The Problem: From Physical Servers to Container Orchestration

The way we deploy software has evolved through three distinct eras, each solving the limitations of the previous one.

Physical servers came first. You ran applications directly on bare metal. If two applications needed the same machine, they competed for CPU, memory, and disk. There was no isolation boundary. One noisy process could starve another. The workaround was dedicating a whole server to each application, which solved contention but created massive underutilization. Expensive hardware sat mostly idle.

Virtual machines fixed the isolation problem. A hypervisor carved one physical machine into multiple VMs, each running its own operating system. Applications could share hardware without stepping on each other. But VMs are heavy: each one boots a full OS, consumes its own block of memory, and takes minutes to start. Scaling up means provisioning new VMs, which is faster than racking servers but still slow compared to what was coming next.

Containers changed the equation. Instead of virtualizing hardware, containers virtualize at the operating system level. They share the host kernel, isolate processes via Linux namespaces and cgroups, and start in seconds rather than minutes. A container image packages the application, its dependencies, and its runtime configuration into a single portable artifact. The same image runs identically on a developer's laptop, in CI, and in production.
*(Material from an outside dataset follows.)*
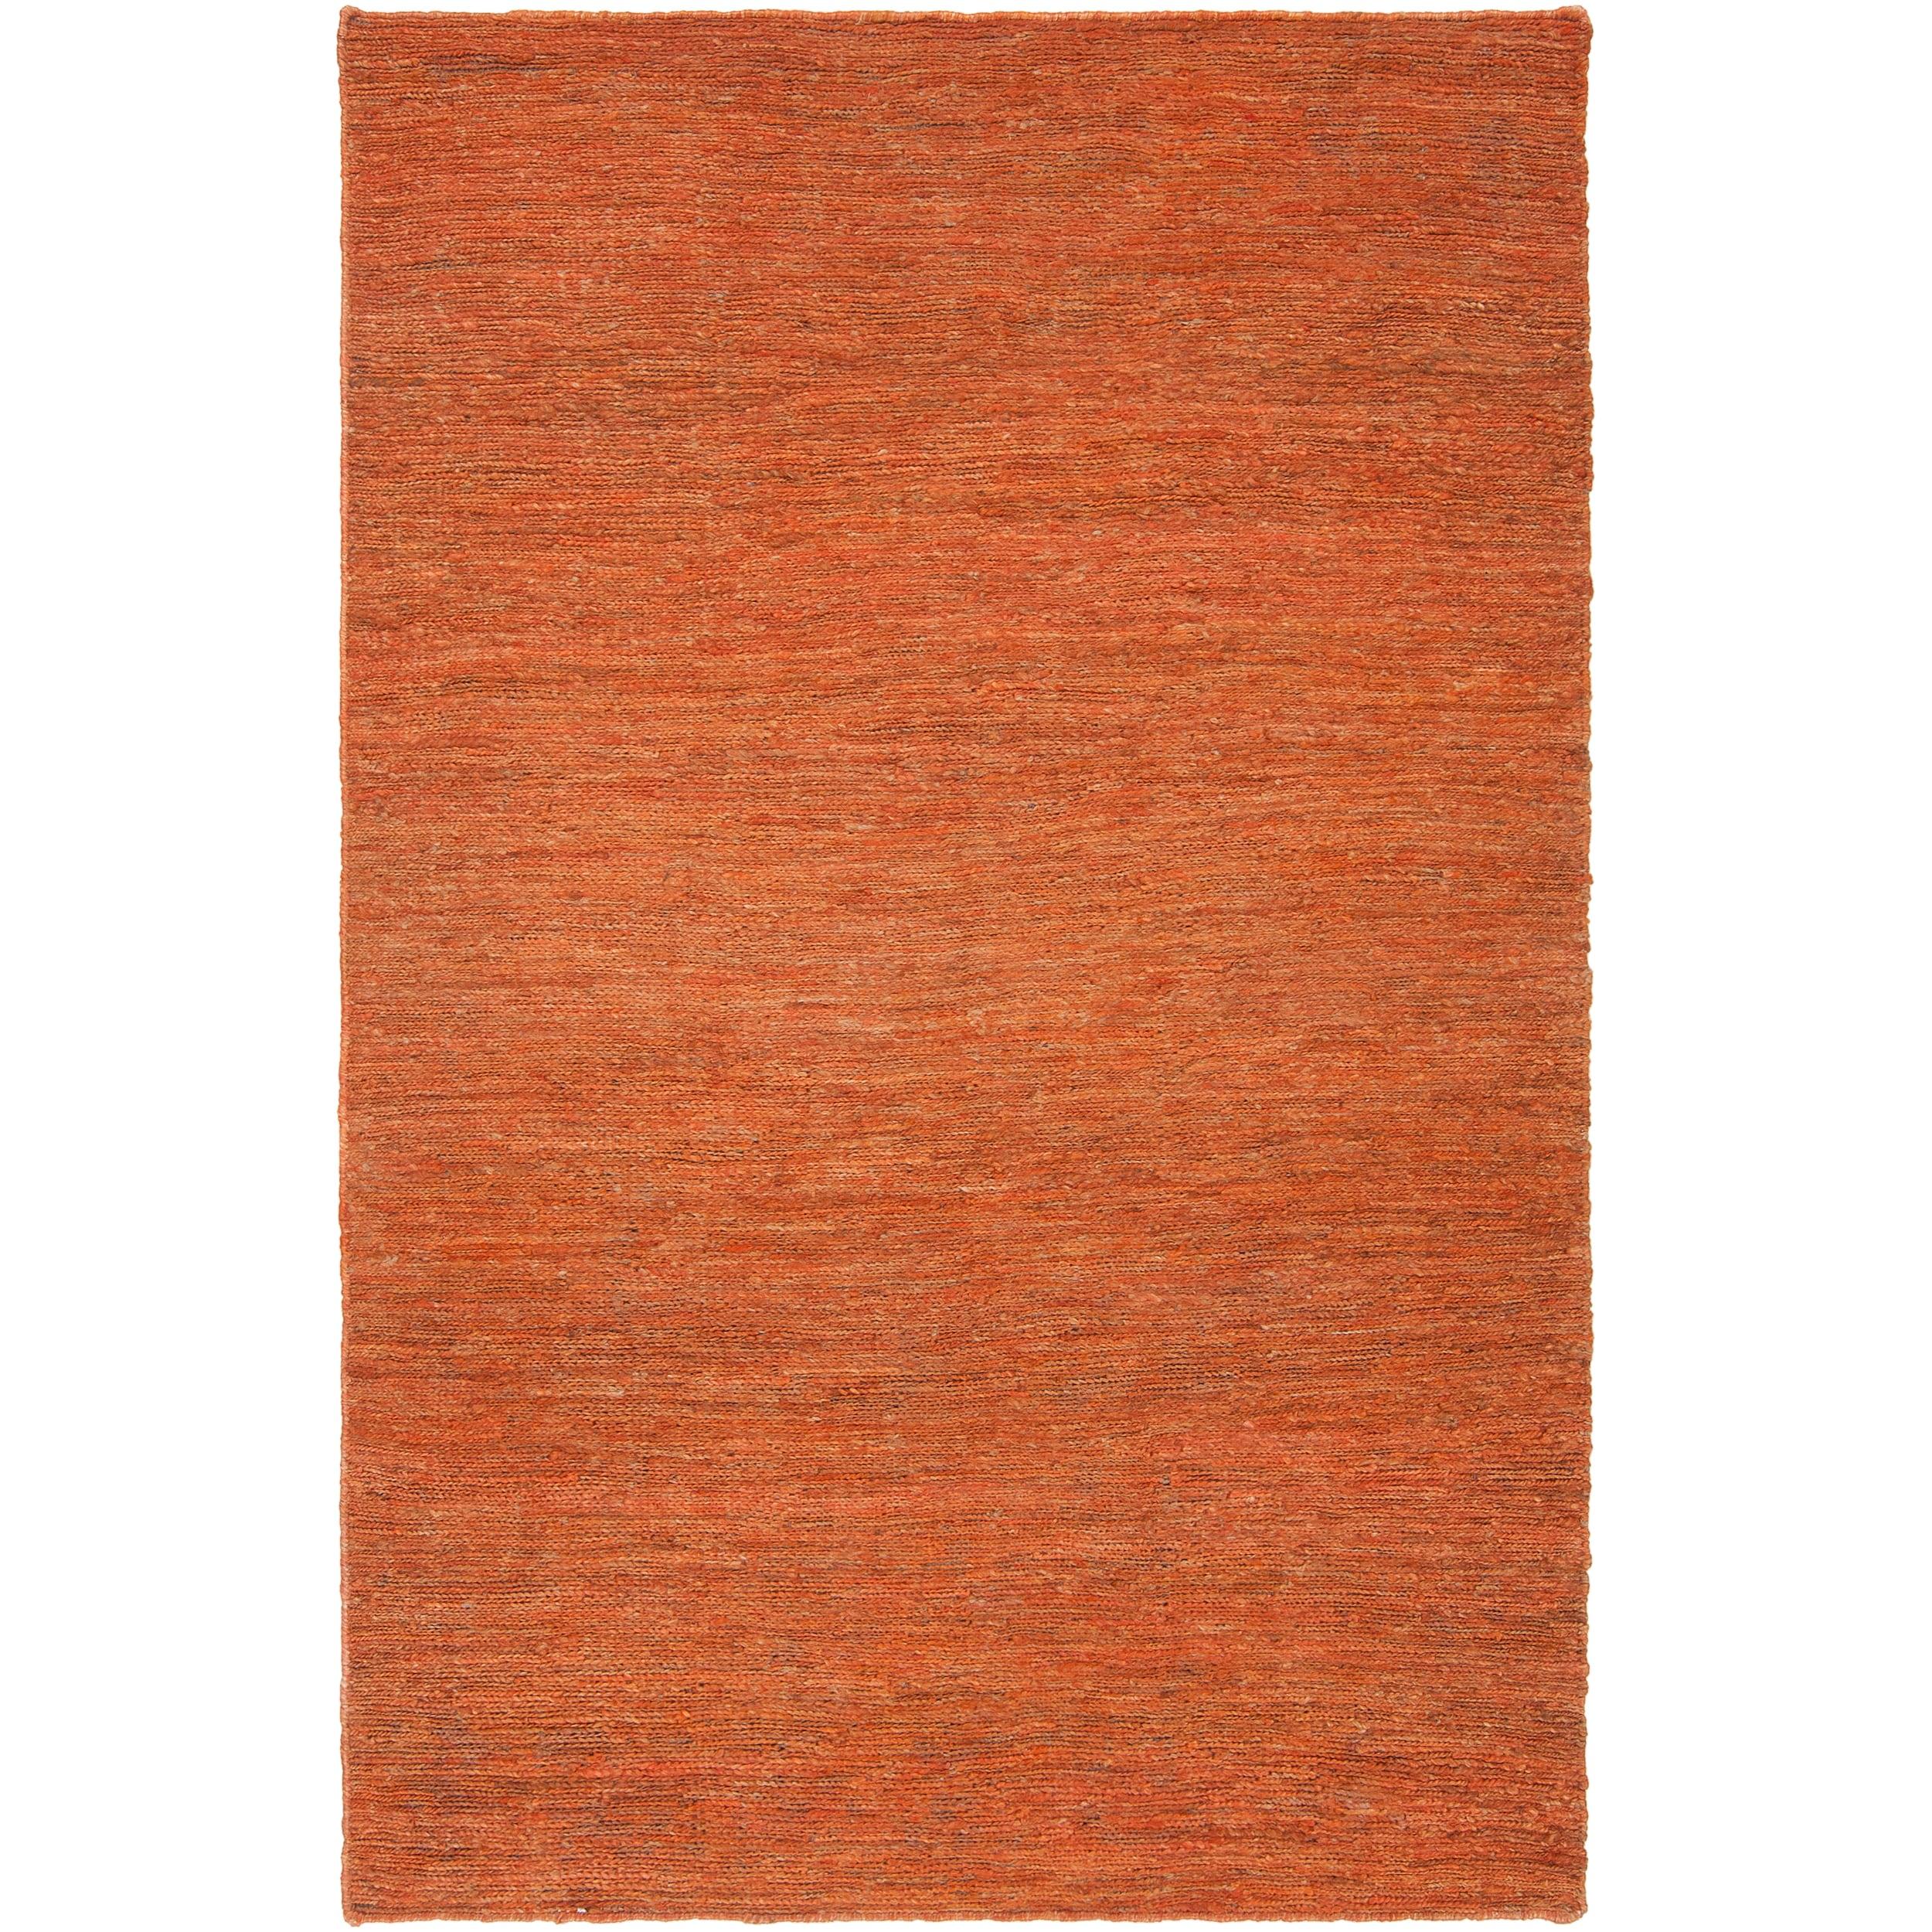 Hand-woven Orange Mozzy Natural Fiber Hemp Rug (3'3 x 5'3)

Containers solved packaging and isolation. What they did not solve was the operational layer on top: if you have 200 containers running across 20 machines, who decides which container runs where? When a container crashes, who restarts it? When you push a new version, who rolls it out gradually and rolls it back if health checks fail? When one service needs to talk to another, how does it find the right address?

That set of problems, collectively called container orchestration, is what Kubernetes was built to handle.
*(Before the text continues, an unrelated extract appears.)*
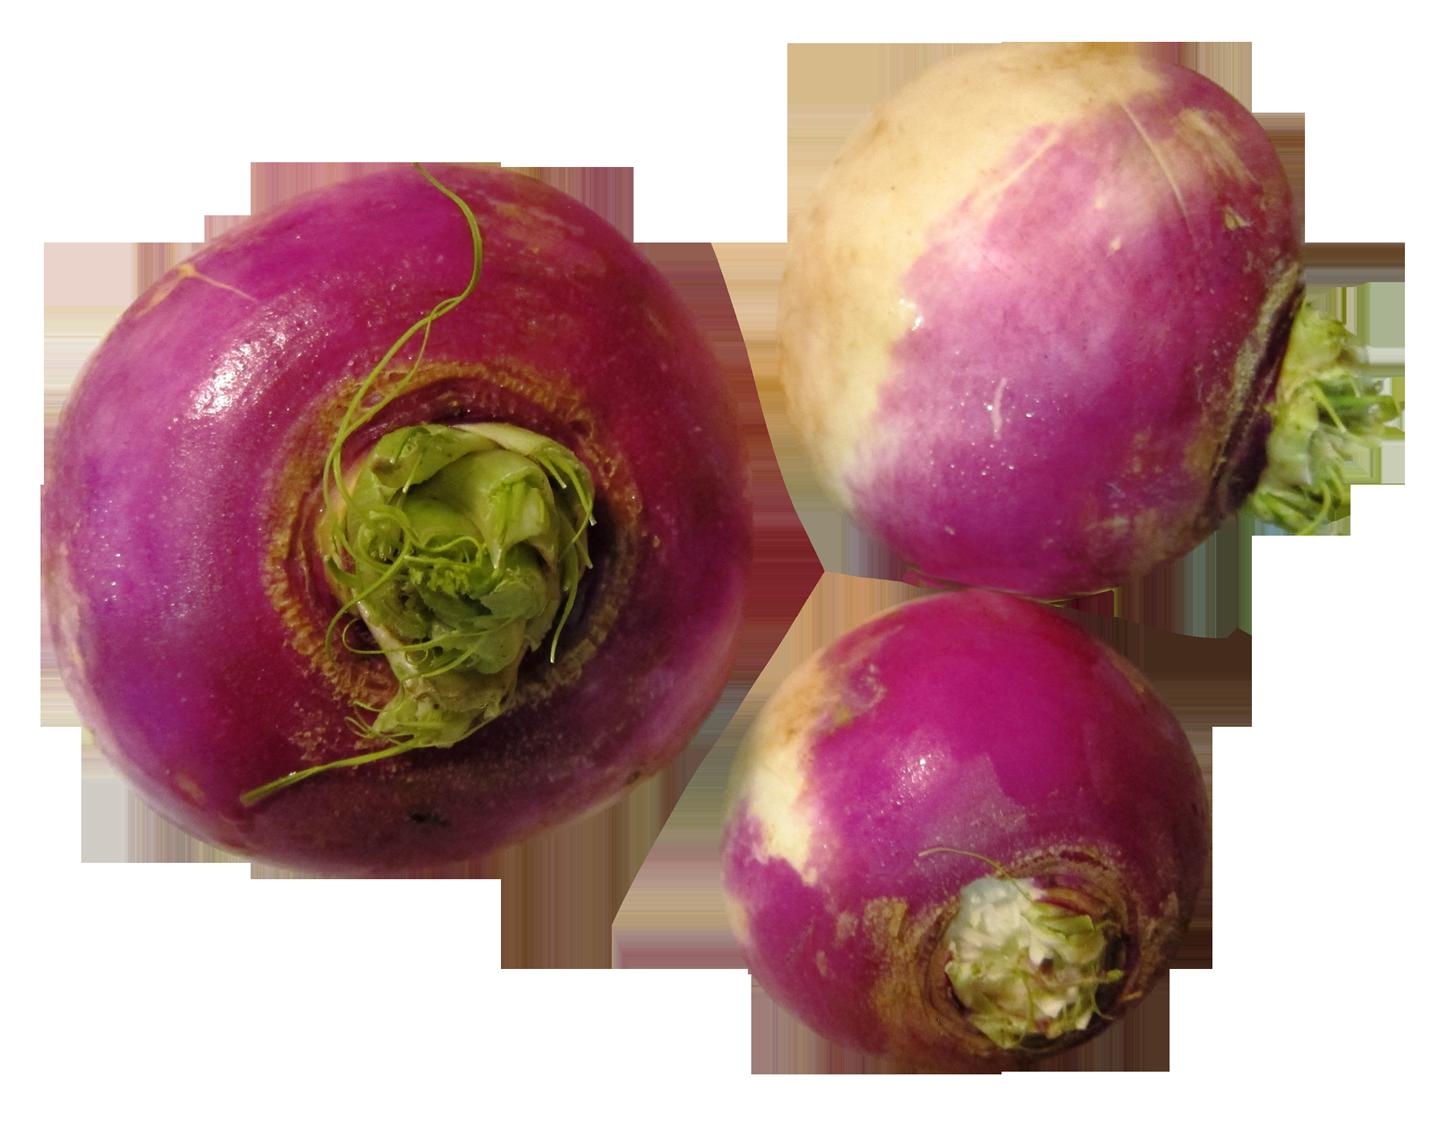 Turnip PNG Image

Figure 1: The deployment evolution from physical servers through virtual machines to containers, with Kubernetes emerging to solve container orchestration at scale.

How Kubernetes Came to Be: From Borg to Open Source

Kubernetes did not appear out of nowhere. Its architecture and core concepts trace directly back to systems Google built over a decade of running containers internally.

Google's Borg System

Starting around 2003, Google developed Borg, an internal cluster management system that ran virtually everything at the company as containers: Bigtable, Spanner, MapReduce, web front-ends, batch jobs. Borg managed hundreds of thousands of jobs across tens of thousands of machines. It introduced several ideas that would later define Kubernetes.

Allocs were resource envelopes that grouped related processes on the same machine. A common pattern: a web server running alongside a log collector that shipped logs to a cluster filesystem. This became Kubernetes Pods.

Naming and load balancing gave services a stable identity that mapped to a dynamic set of tasks. Clients connected to a name, and the system routed traffic to healthy instances. This became Kubernetes Services.

Labels emerged because Borg's rigid Job/Task model was too limiting. Operators wanted to group processes across job boundaries: all front-ends across canary and stable releases, or a subset of tasks during a rolling update. Kubernetes adopted labels as flexible key-value pairs that can be attached to any object and queried with selectors.

IP-per-Pod came from a Borg pain point. In Borg, all tasks on a machine shared the host's IP address and had to coordinate port usage. Kubernetes gives every Pod its own IP via overlay networks, eliminating port conflicts entirely.

Docker and the Open-Source Moment

In 2013, Docker made containers accessible to individual developers. It provided a clean build-ship-run workflow that dramatically lowered the barrier to containerization. But Docker ran on a single machine. Google engineers Joe Beda, Brendan Burns, and Craig McLuckie saw the opportunity to build an orchestrator that could manage containers across a fleet of machines, applying the lessons from Borg in an open-source context.

Google announced Kubernetes in mid-2014. The internal codename was Project 7, a reference to Star Trek's Seven of Nine, a character who was formerly Borg. The seven spokes on the Kubernetes logo are a nod to that codename.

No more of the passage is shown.